Obtain permit(s) consistent with Section 17.46.011.3 to re-abandon all previously abandoned wells that do not meet standards recommended or required by DOGGR for abandonment in effect at the time of re-abandonment, and provide a certificate of compliance that the wells and/or sites are re-abandoned consistent with current conditions and standards recommended or required by DOGGR to the satisfaction of the city manager. Permits shall not be required if re-entry of an abandoned well is scheduled to occur within five (5) years of issuance of a CUP or DA under this chapter, and if re-entry actually occurs within that period of time.
3.
In lieu of Subsections (1) and (2), above, obtain a deferral covenant from the city requiring abandonment or re-abandonment to standards recommended or required by DOGGR, or equivalent standards as determined by the city manager, at a specific time or upon the occurrence of a future event. The deferral covenant shall be approved as to form by the city attorney, contain a provision to indemnify and hold harmless the city for damages related to wells not abandoned or re-abandoned consistent with standards recommended or required by DOGGR, and shall be recorded by the operator with the county clerk prior to approval.
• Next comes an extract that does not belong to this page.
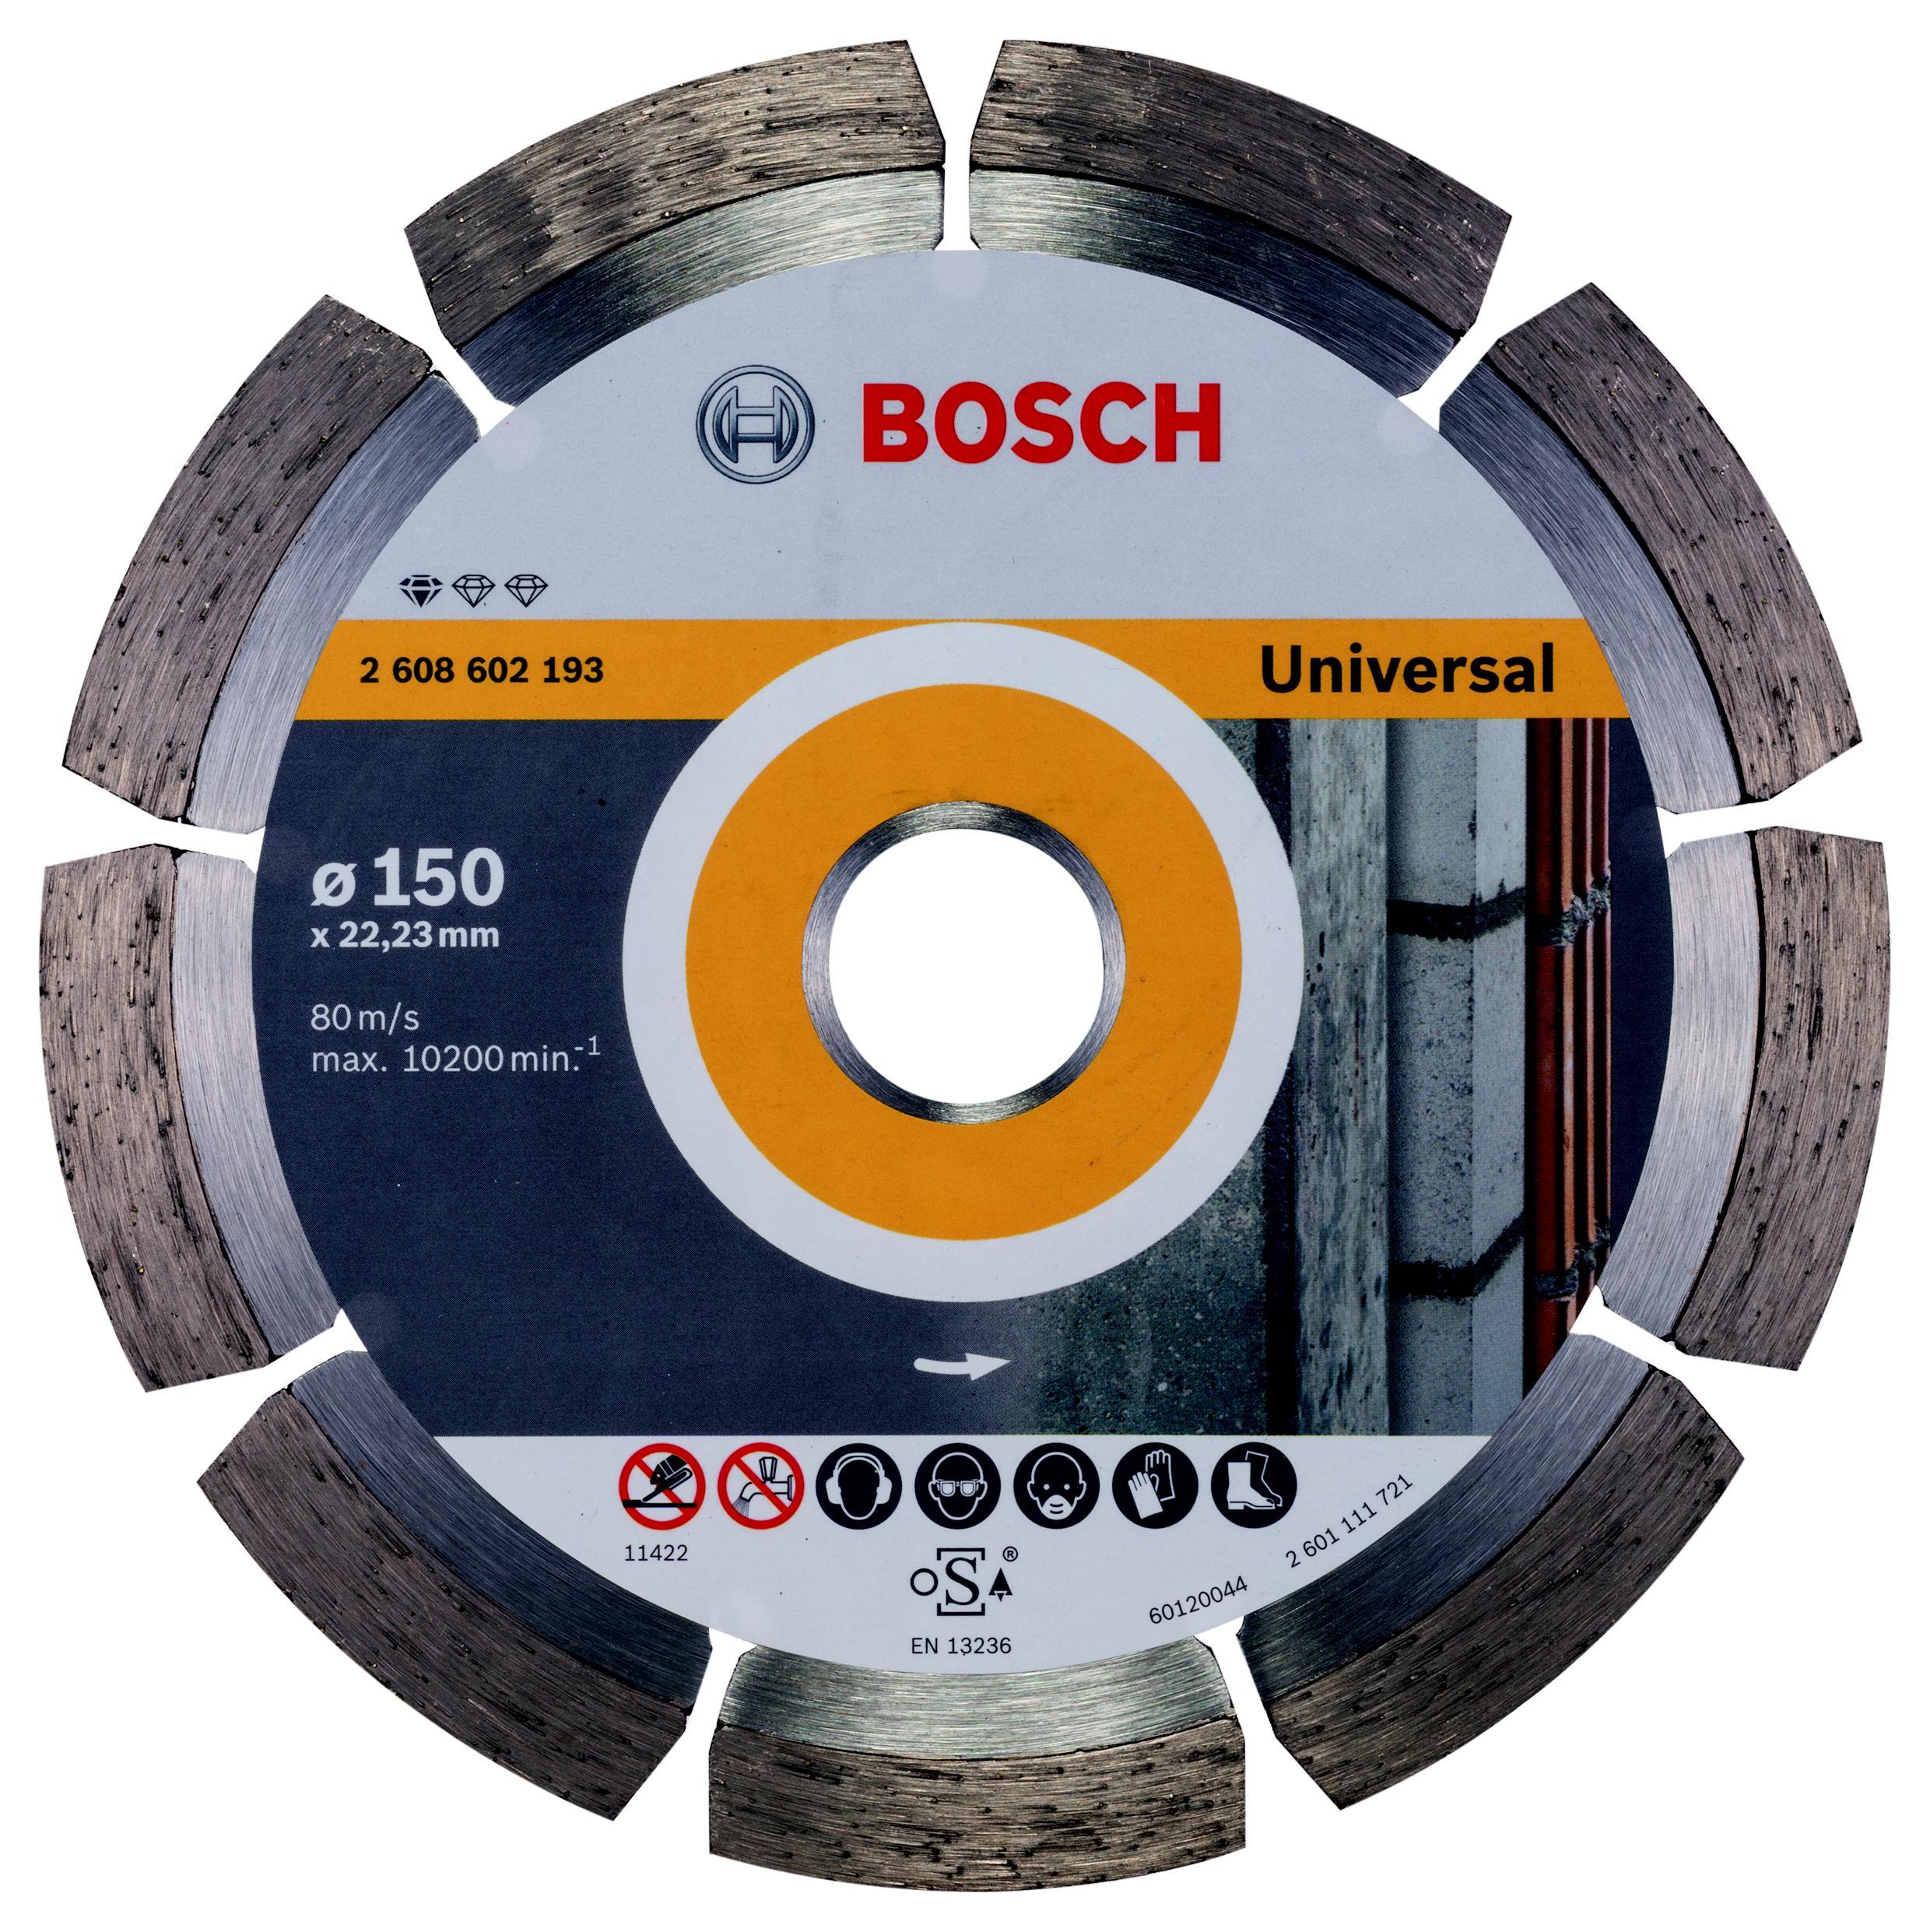 Круг алмазный Bosch Standard for universal 150x22 сегмент (2.608.602.193) 1000pcs universal viton oring seals gb3 100 asnu08c for universal bosch fuel injection injector ay o2012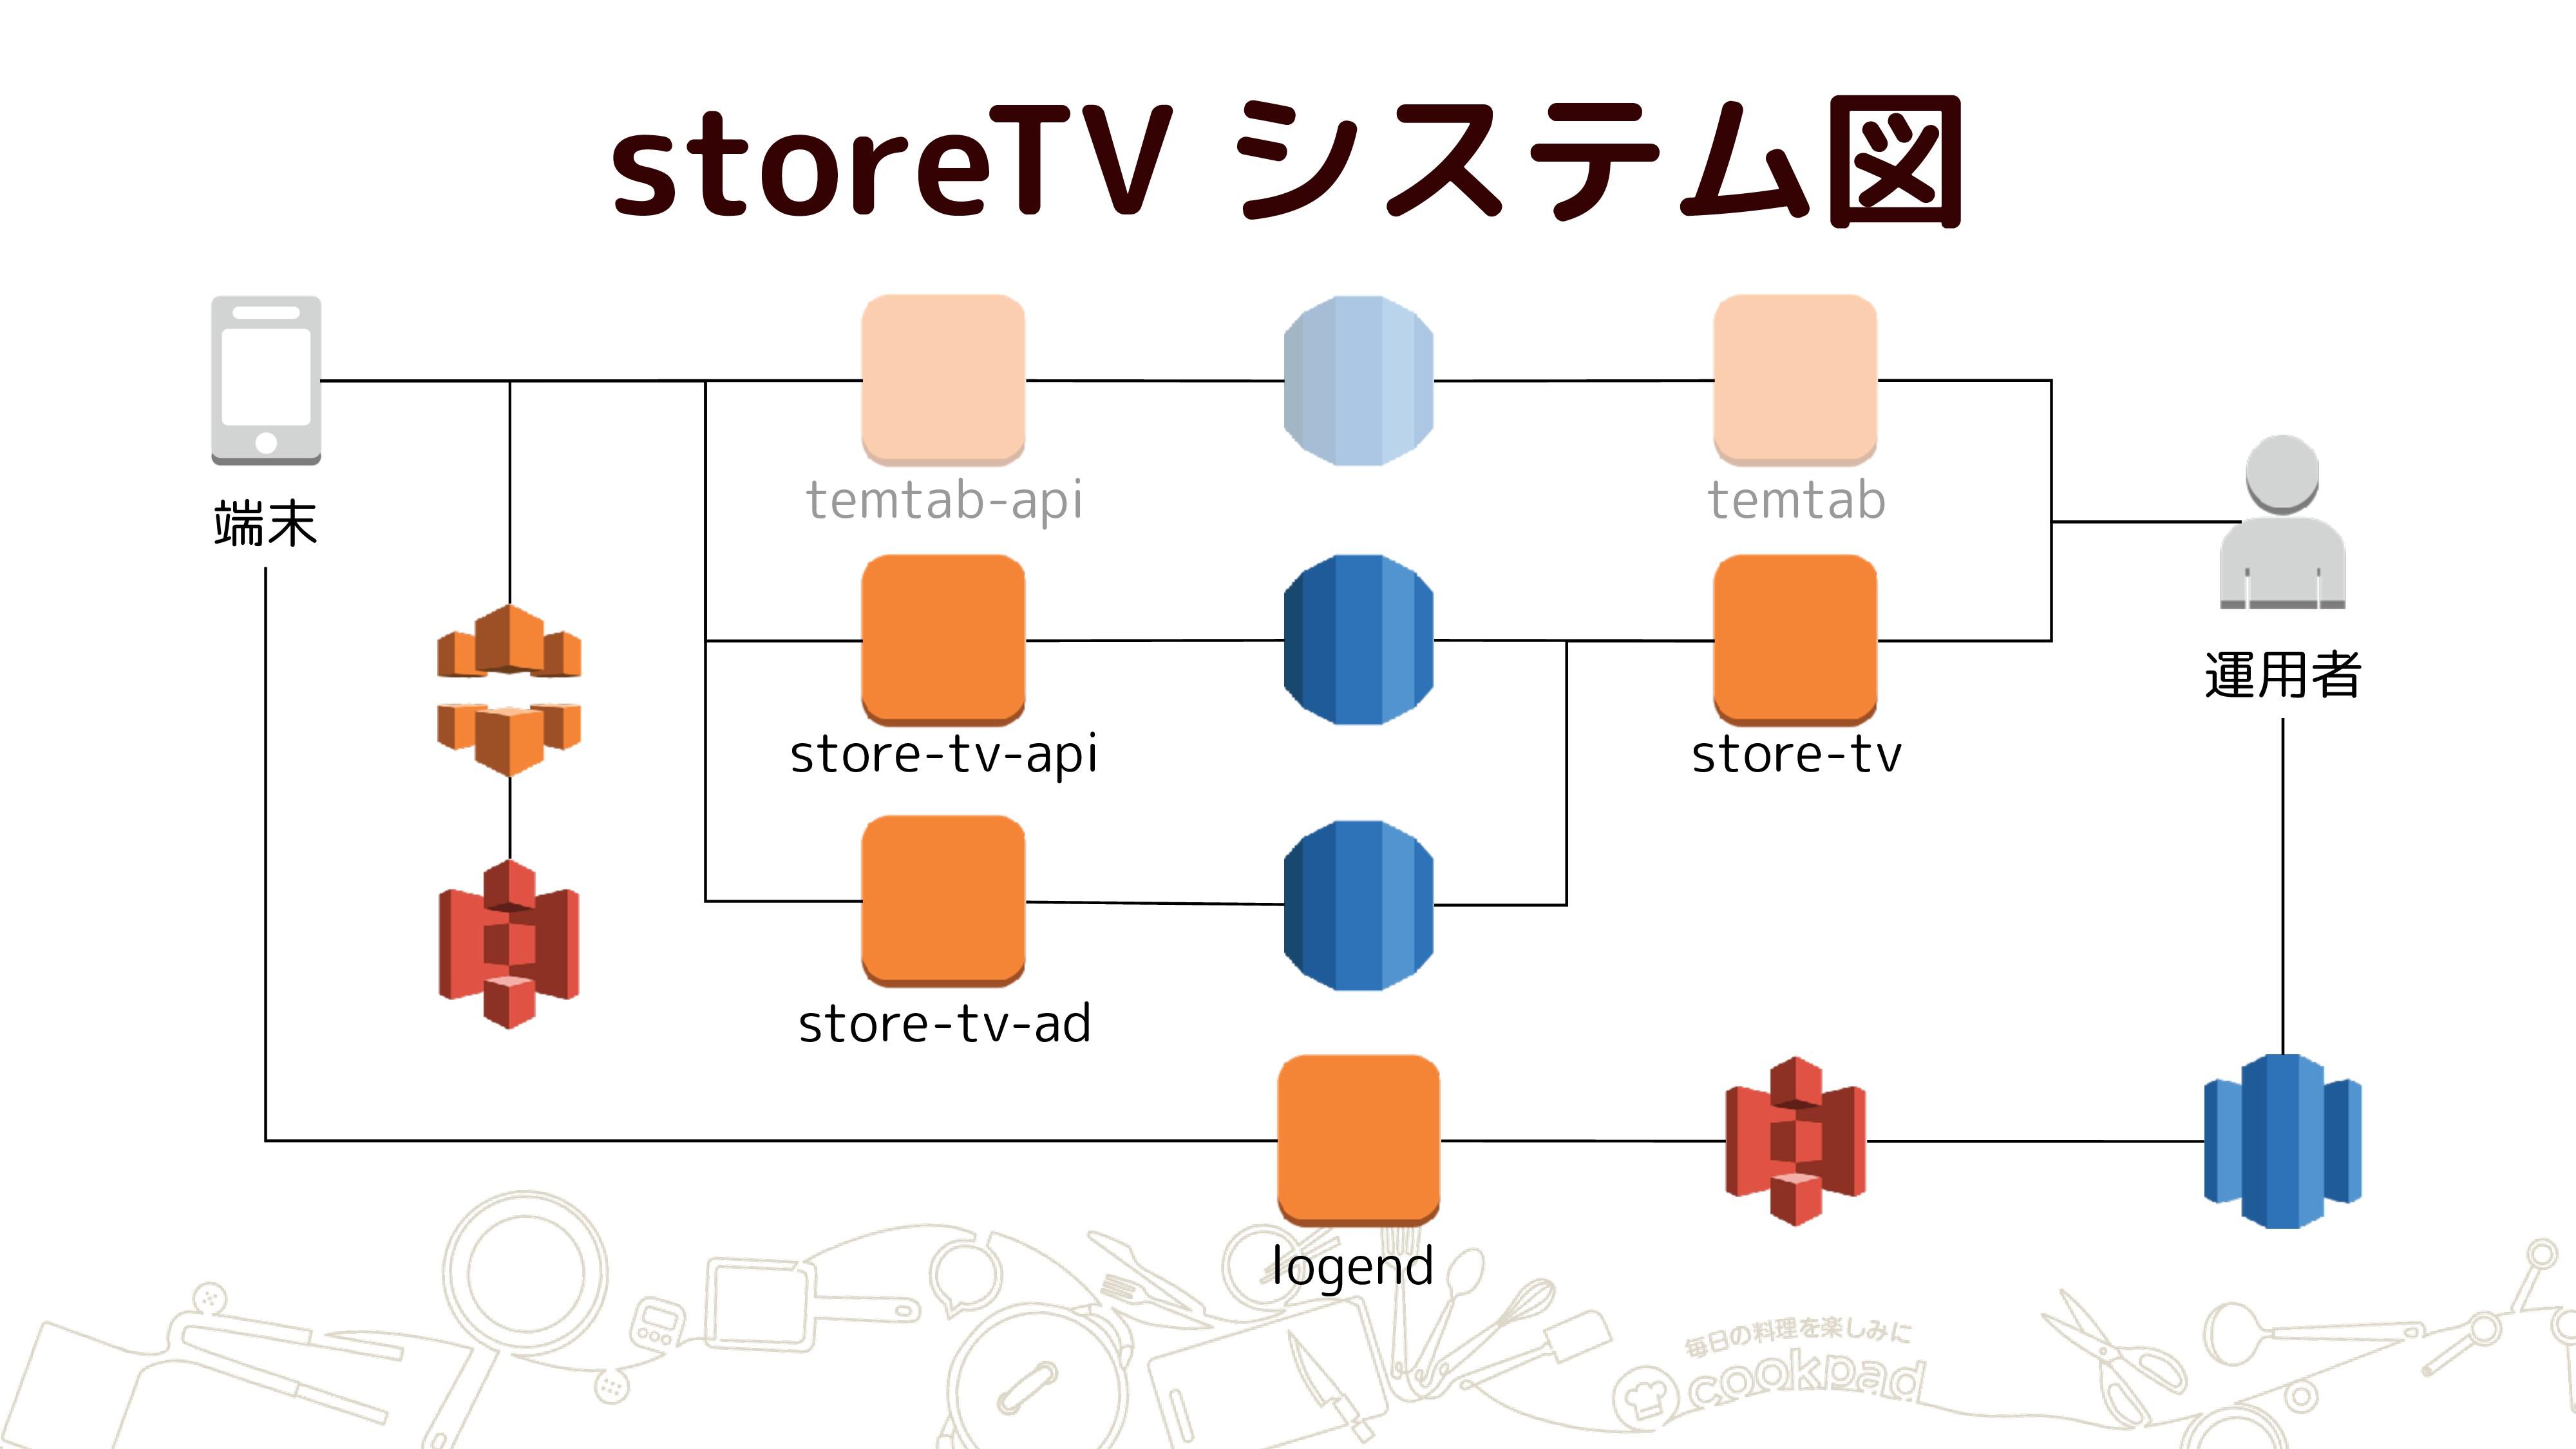 storeTV システム図 端末 運用者 temtab-api store-tv-api st...

In addition to a deferral covenant, the city manager may require a bond or deposit to cover the estimated cost of future abandonment.
H.
Other development standards:
1.
Permanent structures, or other construction that would be difficult or expensive to demolish, shall not be located on top of any abandoned oil or gas well such that access for a well abandonment rig or other well maintenance equipment is constrained or inhibited from access to the well in the event of a future oil or gas leak, unless it can be demonstrated to the satisfaction of the city manger that it is not feasible or, within an industrial zone, the developer proposing such construction provides written assurances to the satisfaction of the city manager, to be included in the recorded declaration of covenant prescribed in Subsection 3, below, that they are aware of and accept the risks associated with such construction. Pervious improvements, such as landscaping and porous parking areas with adequate landscape buffers, may be located on top of an abandoned or re-abandoned well which has passed the leak test consistent with this section.
2.
Redevelopment of a former oil and gas site: If redevelopment of an oil and gas site for use other than an oil and gas operation is proposed at a completely or partially abandoned oil or gas site, the applicant shall submit an application to be processed as a conditional use permit consistent for that use under this Code. Said application shall include the content required by Section 17.46.011.3.2, and the conditional use permit shall comply with the development standards of Section 17.46.038.
3.
Prior to issuance of a permit or entitlement for redevelopment of a former oil and gas site, the owner shall record a declaration of a covenant, in a form subject to the review and approval of the city attorney, putting future owners and occupants on notice of the following: The existence of abandoned oil wells on the site; that the wells within the site have been leak tested and found not to leak; description of any methane mitigation measures employed; a statement as to whether or not access to these wells has been provided to address the fact that they may leak in the future causing potential harm; acknowledgment that the state may order the re-abandonment of any well should it leak in the future; acknowledgment that the state does not recommend building over wells; and releasing and indemnifying the city for issuing any project permit or entitlement for the project, along with notice of the assurances, if any, required by Subsection 1, above. The covenant shall run with the land, apply to future owners, and may only be released by the city.